Severe Psoriasis Amplifies Immunoglobulin A Nephropathy Risk

Miriam E. Tucker

March 10, 2016

WASHINGTON, DC — The risk for immunoglobulin (Ig)A nephropathy is five times higher in people with severe psoriasis than in those without. And the risk for overall glomerular disease is two times higher.

These findings come from an analysis of data from The Health Improvement Network in the United Kingdom.

"Given these associations, it would be reasonable to suggest keeping tabs on these lab values, at least in patients with moderate to severe disease," Sungat Grewal, BS, a medical student and predoctoral fellow at the University of Pennsylvania Perelman School of Medicine in Philadelphia.

In a previous study of the network data, an elevated risk for chronic kidney disease was seen in patients with moderate to severe psoriasis, as reported by Medscape Medical News (BMJ. 2013;347:f5961).

There have also been case reports of a link between psoriasis and IgA nephropathy, but this is the first large-scale investigation to determine which specific kidney diseases are responsible for the finding of overall chronic kidney disease, Grewal explained.

She presented the findings during a late-breaking session here at the American Academy of Dermatology 74th Annual Meeting.

Common Cause of Glomerulonephritis

IgA nephropathy, which affects about one in 100,000 people annually in the United States, is the most common cause of glomerulonephritis. It typically presents as an acute mucosal infection that progresses to visible blood in urine in a few days. In 20% to 40% of patients, it leads to end-stage renal disease.

Grewal and her colleagues examined 1994 to 2014 data from electronic medical records in the database. The cohort of more than 11 million individual patients was broadly representative.

The team used diagnostic codes to identify 193,013 patients with mild psoriasis and 12,806 with severe psoriasis. Each patient was matched with up to five control subjects from the same clinical practice who did not have psoriasis.

The psoriasis patients tended to be younger, more obese, and more likely to drink or smoke than the 1,019,142 control subjects. They also had more comorbidities.

The risk for IgA nephropathy was almost five times higher in patients with severe psoriasis than in control subjects (hazard ratio [HR], 4.75) in a fully adjusted model for age, sex, body mass index, drinking and smoking status, socioeconomic status, hypertension, diabetes, hyperlipidemia, cardiovascular disease, arthritis, viral infection, psoriatic arthritis, and the use of nonsteroidal anti-inflammatory agents.

In addition, the risk for glomerular disease was more than two times higher in patients with severe psoriasis (HR, 2.05).

The risks for IgA nephropathy and glomerular disease were not significantly different between patients with mild psoriasis and control subjects.

However, the elevated risk for IgA nephropathy associated with severe psoriasis is still quite low, at about one case per 8888 patients annually. As a comparison, Grewal reported that the incidence of spontaneous triplets is about one per 8000 natural pregnancies.

Nonetheless, she said, "I think an awareness of the comorbidities is important so you can educate your patients on what they should be looking out for, and you can monitor them over time."

We don't understand why it's happening, we just know there's an association.

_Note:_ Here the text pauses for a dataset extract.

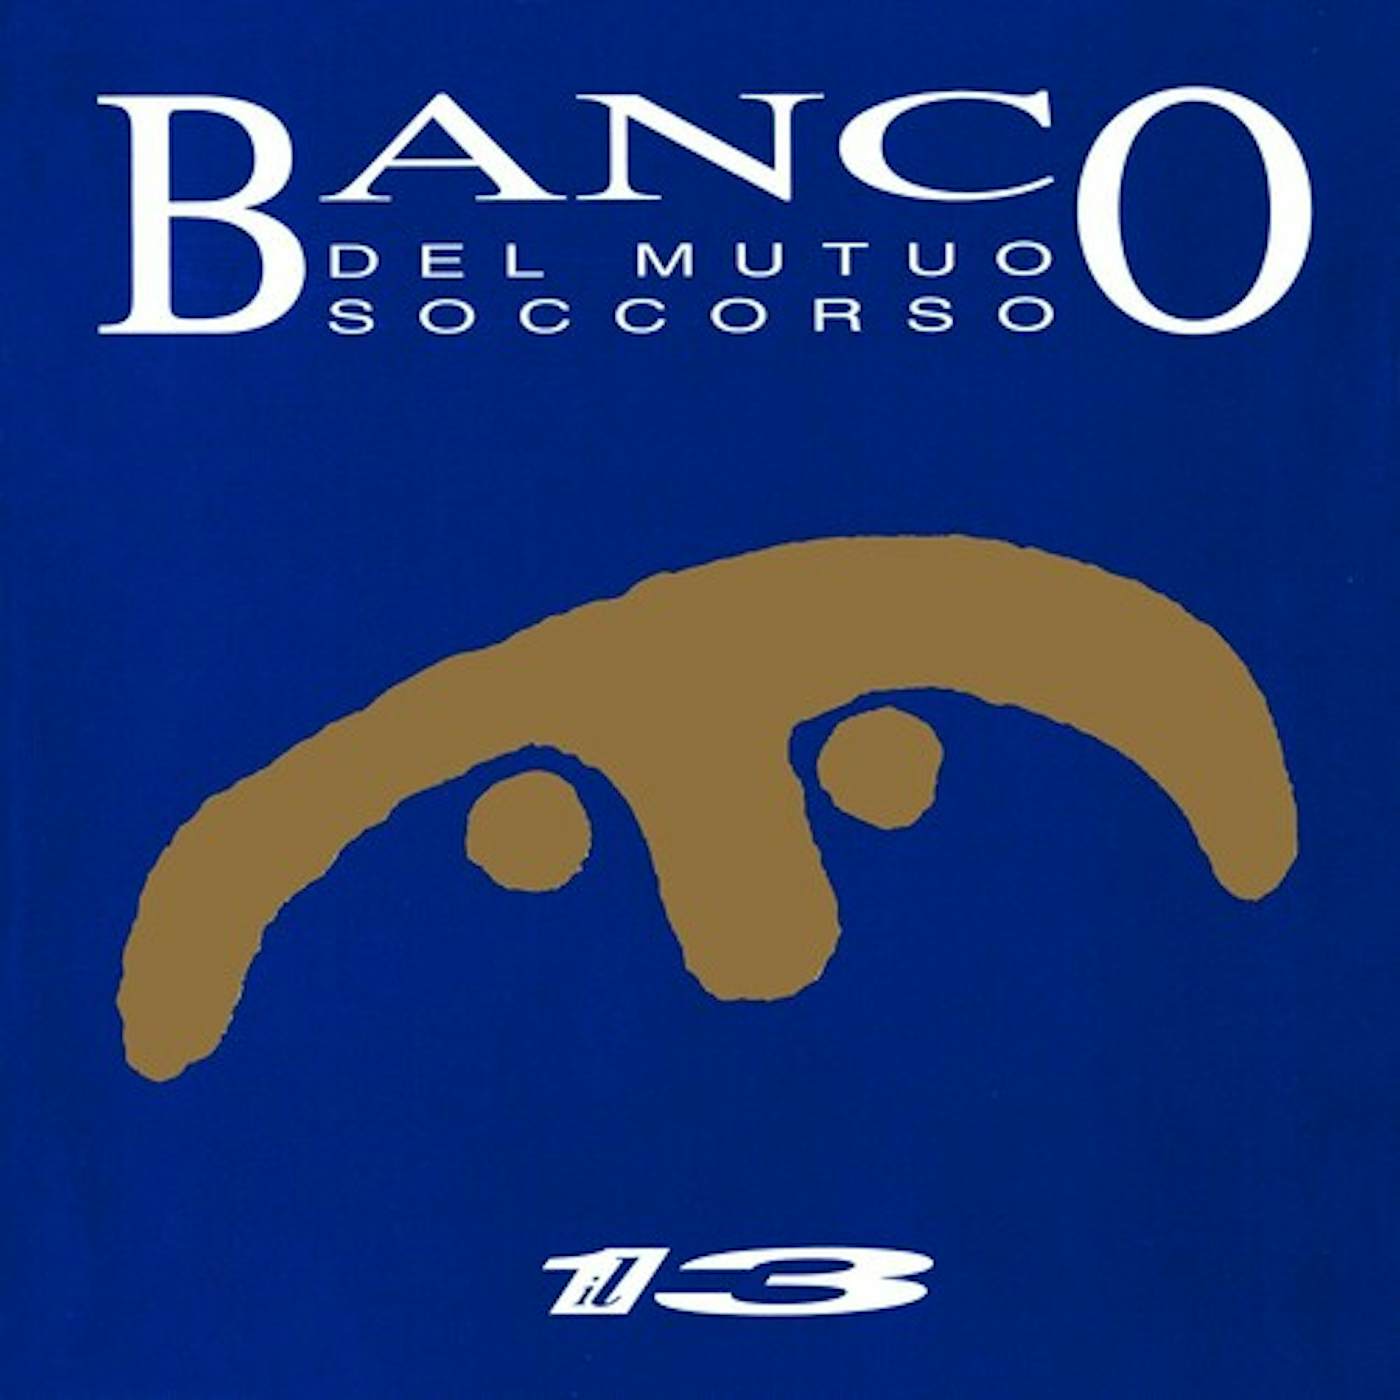 Banco Del Mutuo Soccorso IL 13 CD

"It is still very unlikely," said Inder Dhillon, MD, a dermatologist at the Kaiser Permanente Medical Group and clinical instructor at the University of California, San Francisco. "We have to keep it in perspective."

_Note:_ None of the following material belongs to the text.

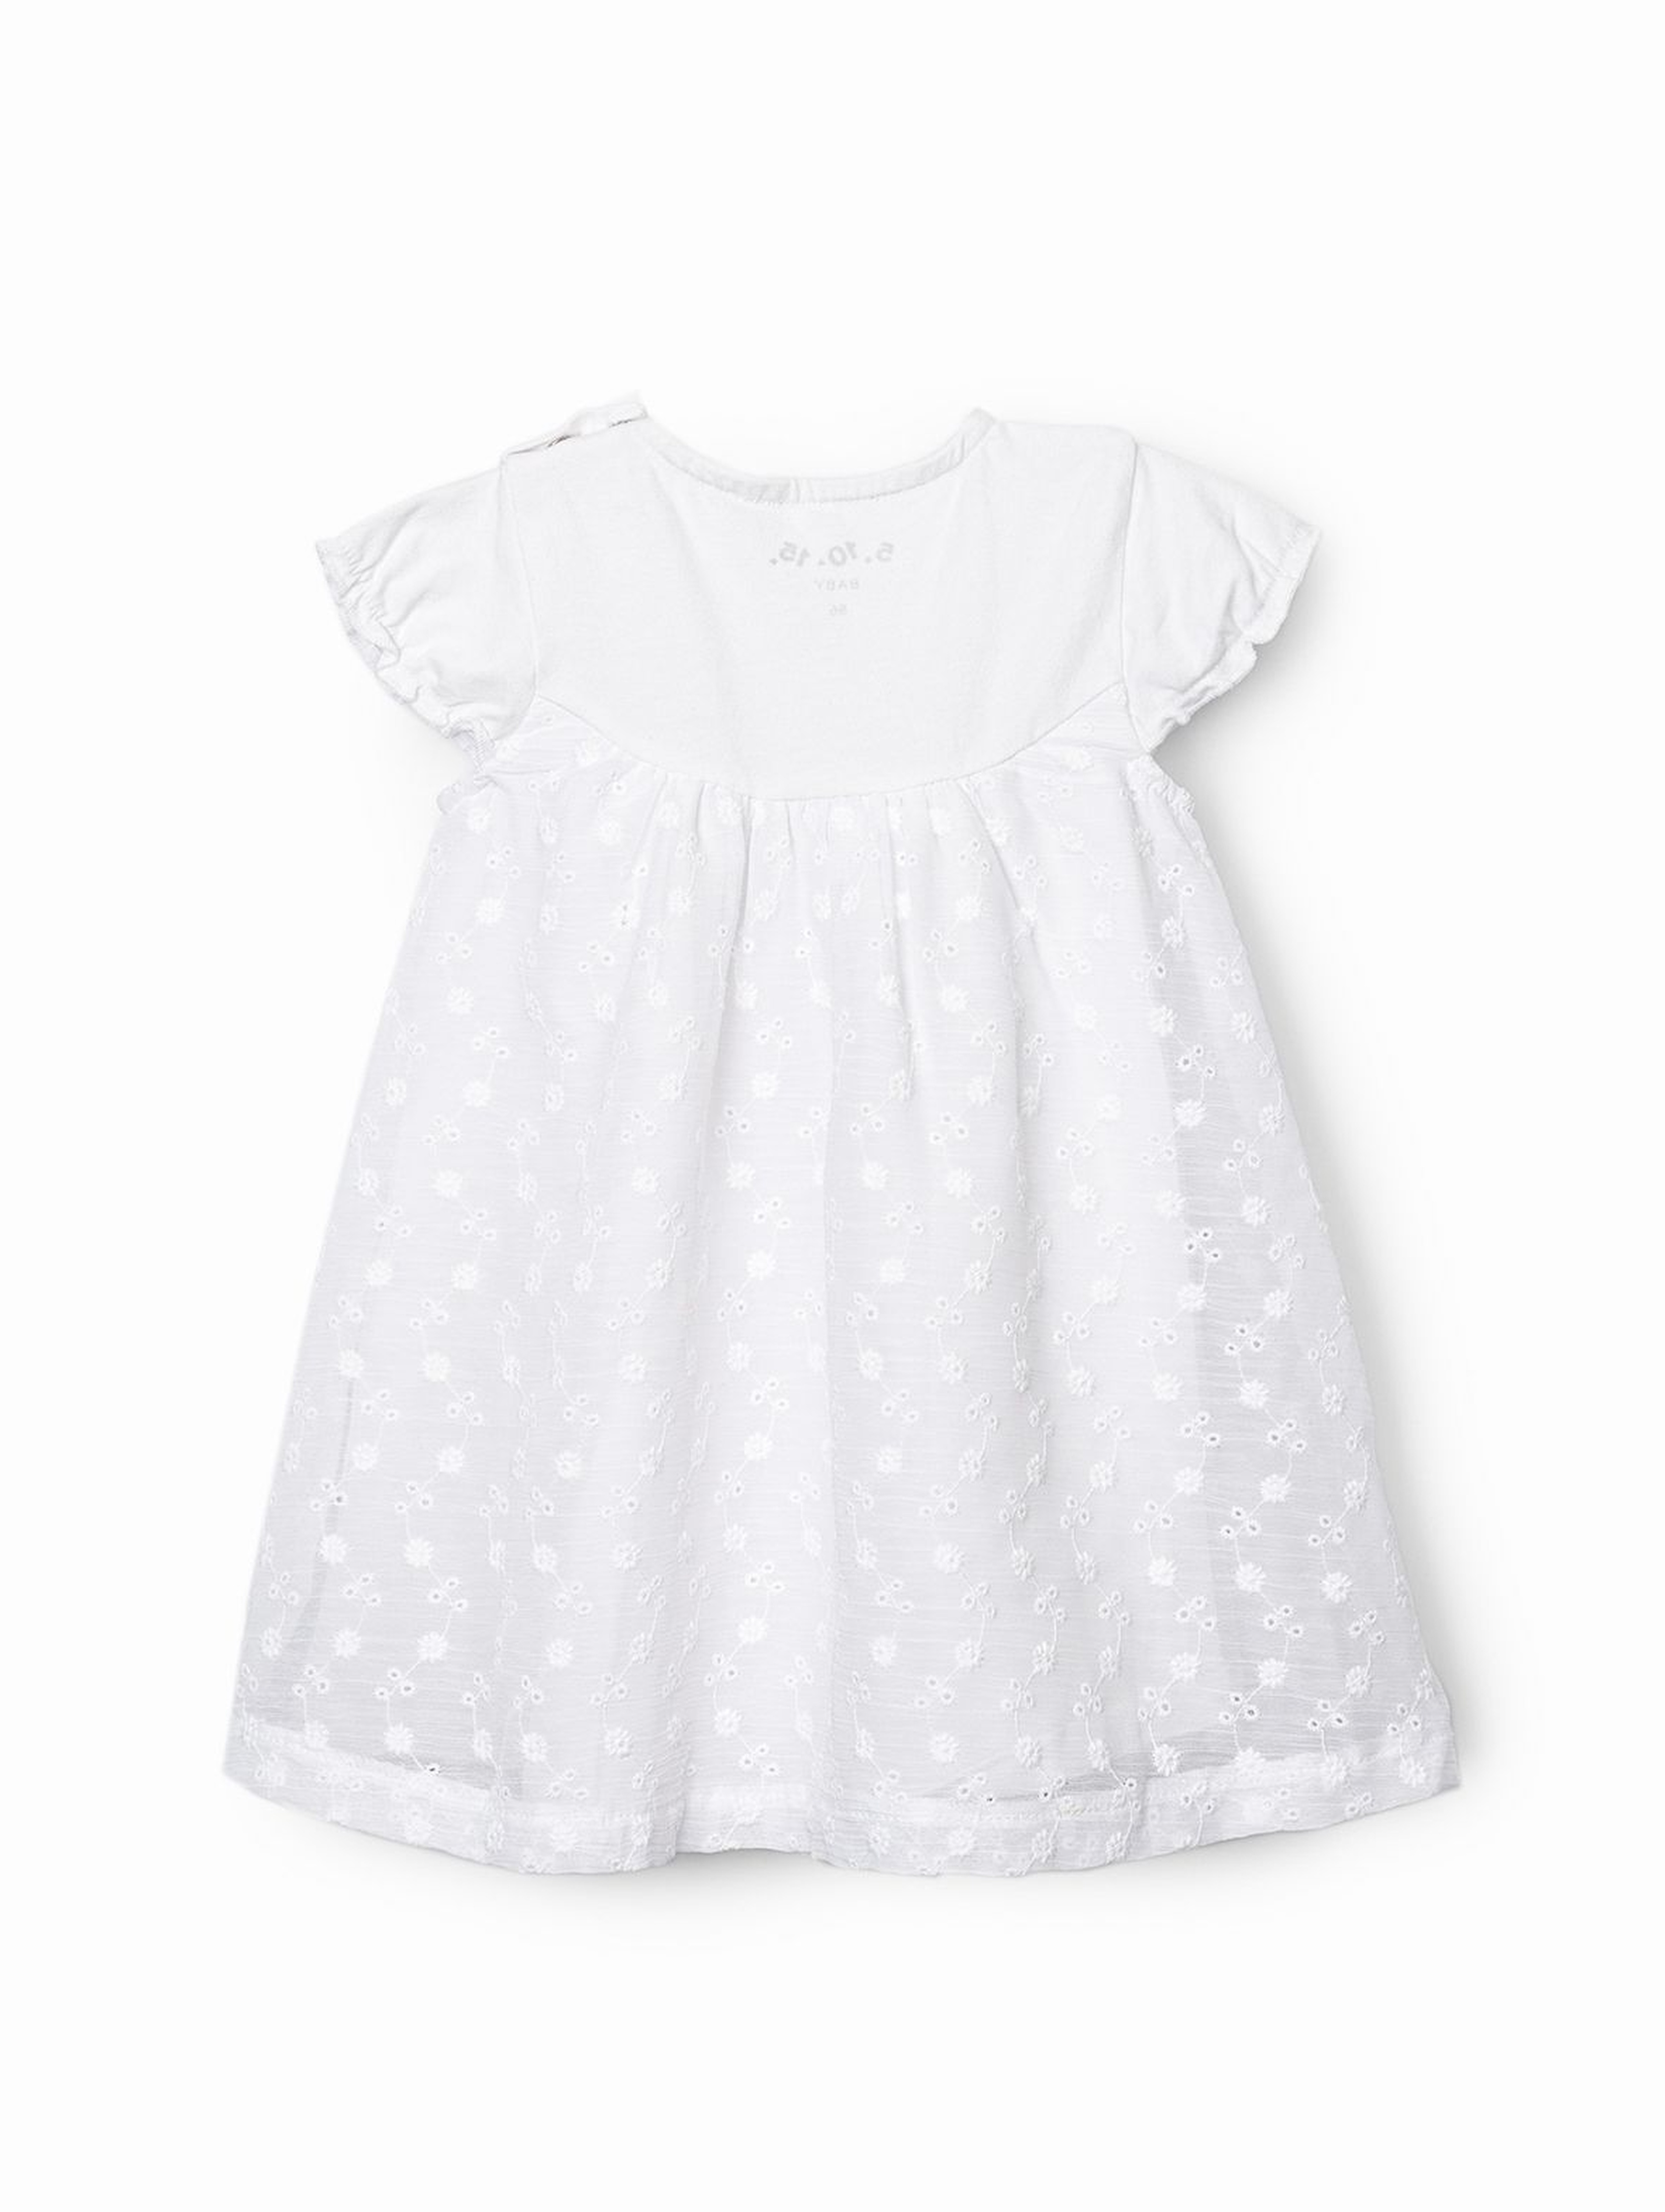 Sukienka niemowlęca w drobne kwiatki - biała

"But it's very useful to know that IgA nephropathy is what patients are actually at increased risk for, and it behooves us to remember that," he told Medscape Medical News.

"We don't understand why it's happening, we just know there's an association, said Grewal. "Is it because they're at a higher risk for developing specific renal diseases, or because once they have renal disease they're at a higher risk for progressing to chronic kidney disease?"

Some of the theories put forward have been a hyperfunctioning immune system, impaired mucosal integrity that exposes immunoglobulin-stimulating antigens, and a genetic predisposition toward defective immunoglobulin that deposits in glomeruli.

We must treat psoriasis aggressively and not dismiss it as just a skin disease.

Regardless, she pointed out, "our work supports the idea that psoriasis is a disease that is systemic, not limited to the skin."

"We always knew that diseases inside the body manifest in the skin, but only recently has it been understood that severe skin disease, especially psoriasis, goes deep inside the body and hurts organs inside the body. It's an evolving field," said Dr Dhillon.

"The most important point is not just to tell patients all the extra diseases they're at risk for, but to aggressively treat psoriasis to decrease the risk for these other complications," he added. "We must treat psoriasis aggressively and not dismiss it as just a skin disease."

The study was funded in part by an educational grant from Pfizer to the trustees of the University of Pennsylvania. Ms Grewal and Dr Dhillon have disclosed no relevant financial relationships.

American Academy of Dermatology (AAD) 74th Annual Meeting. Presented March 6, 2016.